Neste capítulo, trataremos do referencial que orienta esta pesquisa que, sob a égide do Sociofuncionalismo, comporta duas teorias: a Teoria da Variação e Mudança e o Funcionalismo Givoniano. Primeiro, apresentaremos a Teoria da Variação e Mudança, suas propostas, seus pressupostos e a importância da relação entre língua e sociedade; em seguida, discutiremos o Funcionalismo Linguístico, cujos princípios servirão de suporte na análise interpretação dos dados desta pesquisa e, por último, explanaremos a configuração teórica do Sociofuncionalismo, proposta por Tavares (2003), em que nos basearemos.

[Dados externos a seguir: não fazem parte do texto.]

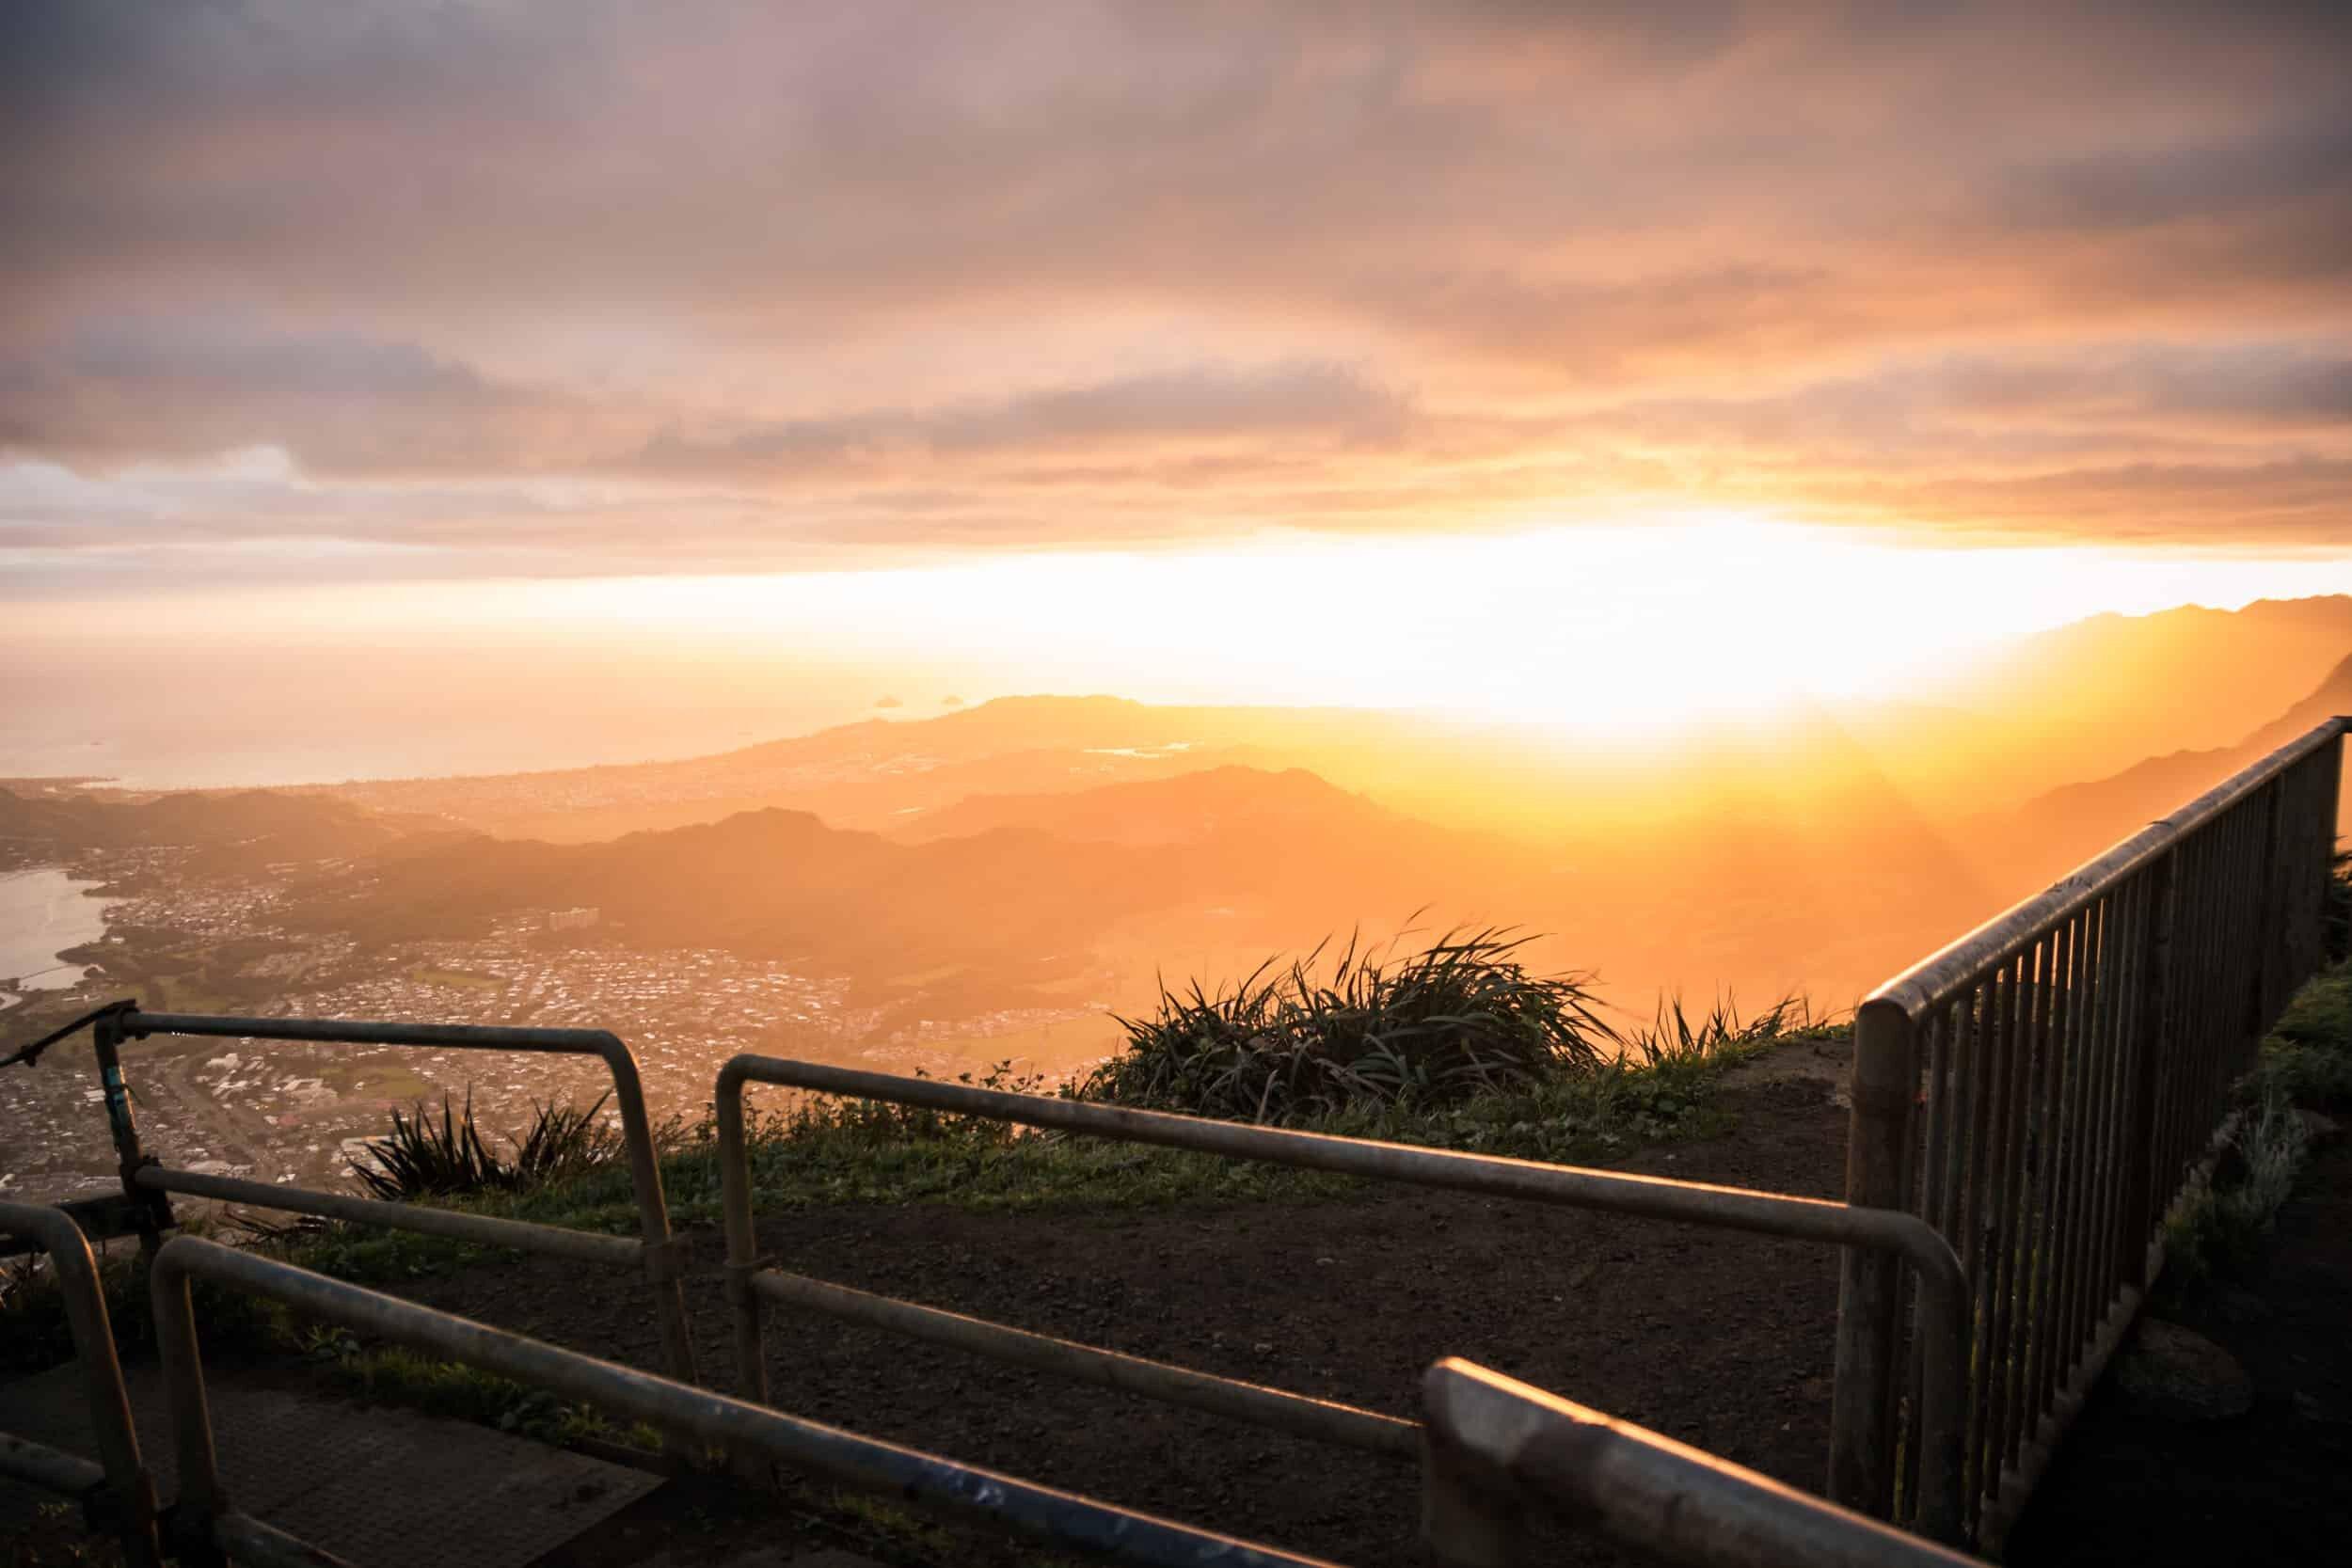 Stairway to Heaven, Oahu Elopement Location 2
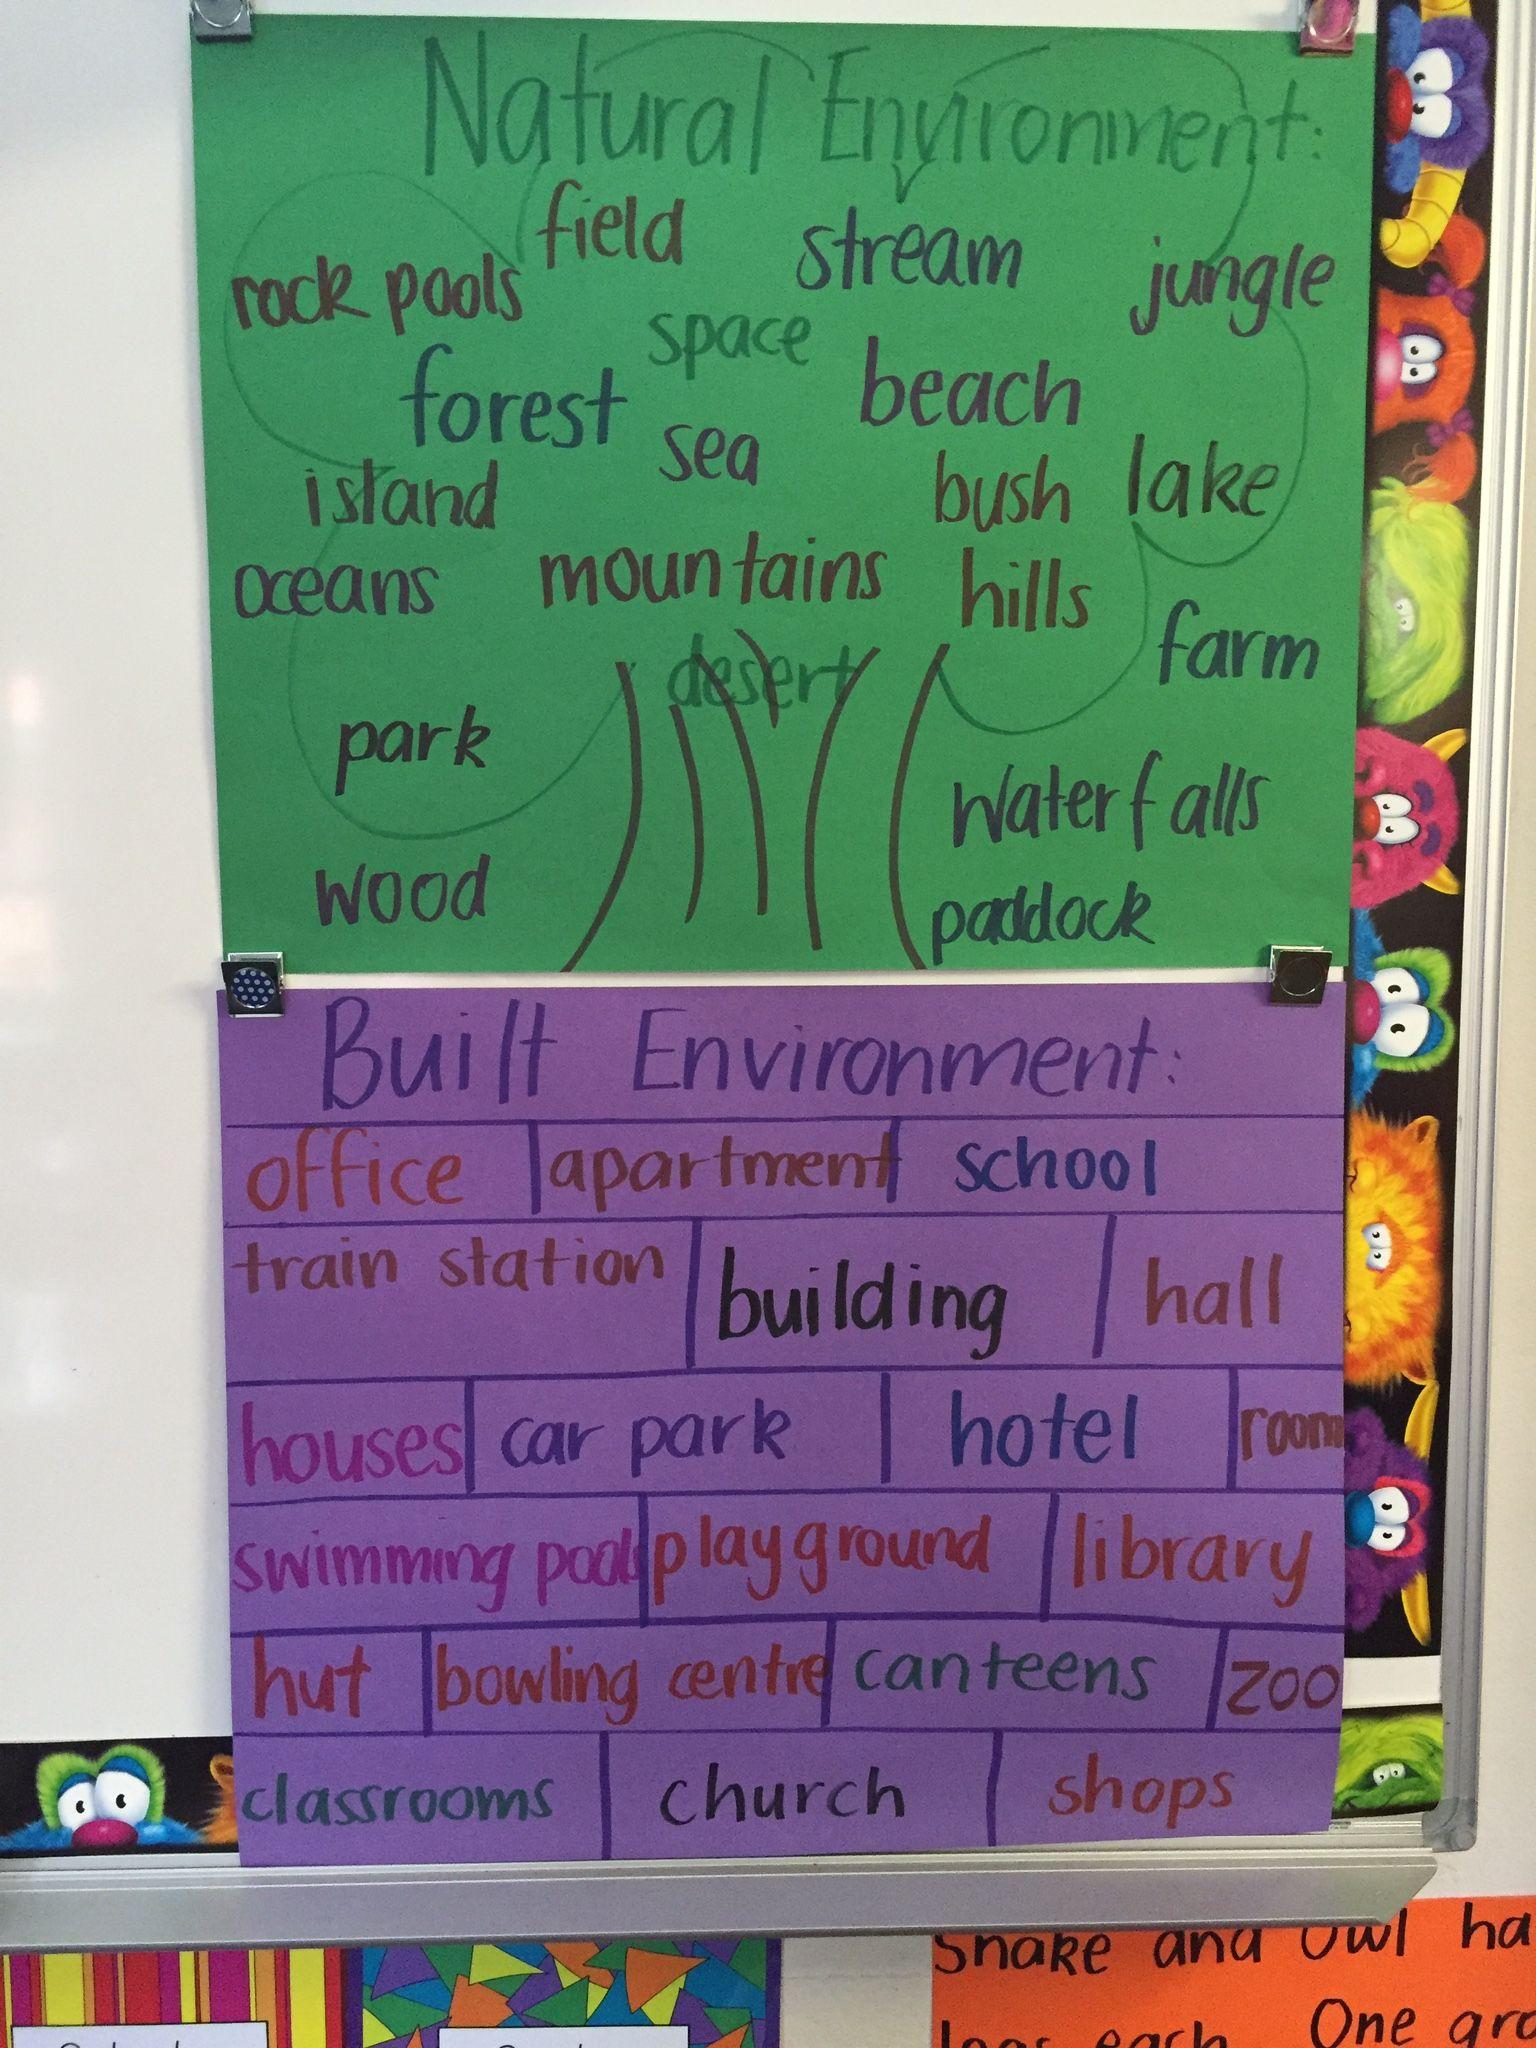 Natural And Built Environment Brainstorm Kindergarten

Os objetivos desta pesquisa serão atingidos com a integração dos dois referenciais teóricos porque pretendemos (i) verificar momentos em que as perífrases verbais com gerúndio são variantes na expressão do futuro, (ii) buscar contextos que favorecem o uso dessas perífrases na expressão de tempo futuro, (iii) analisar dados do vernáculo, (iv) diagnosticar mudança em tempo aparente, (v) descrever as funções codificadas pelas perífrases verbais com gerúndio e (vi) analisar os dados com base nos princípios da Iconicidade e Marcação.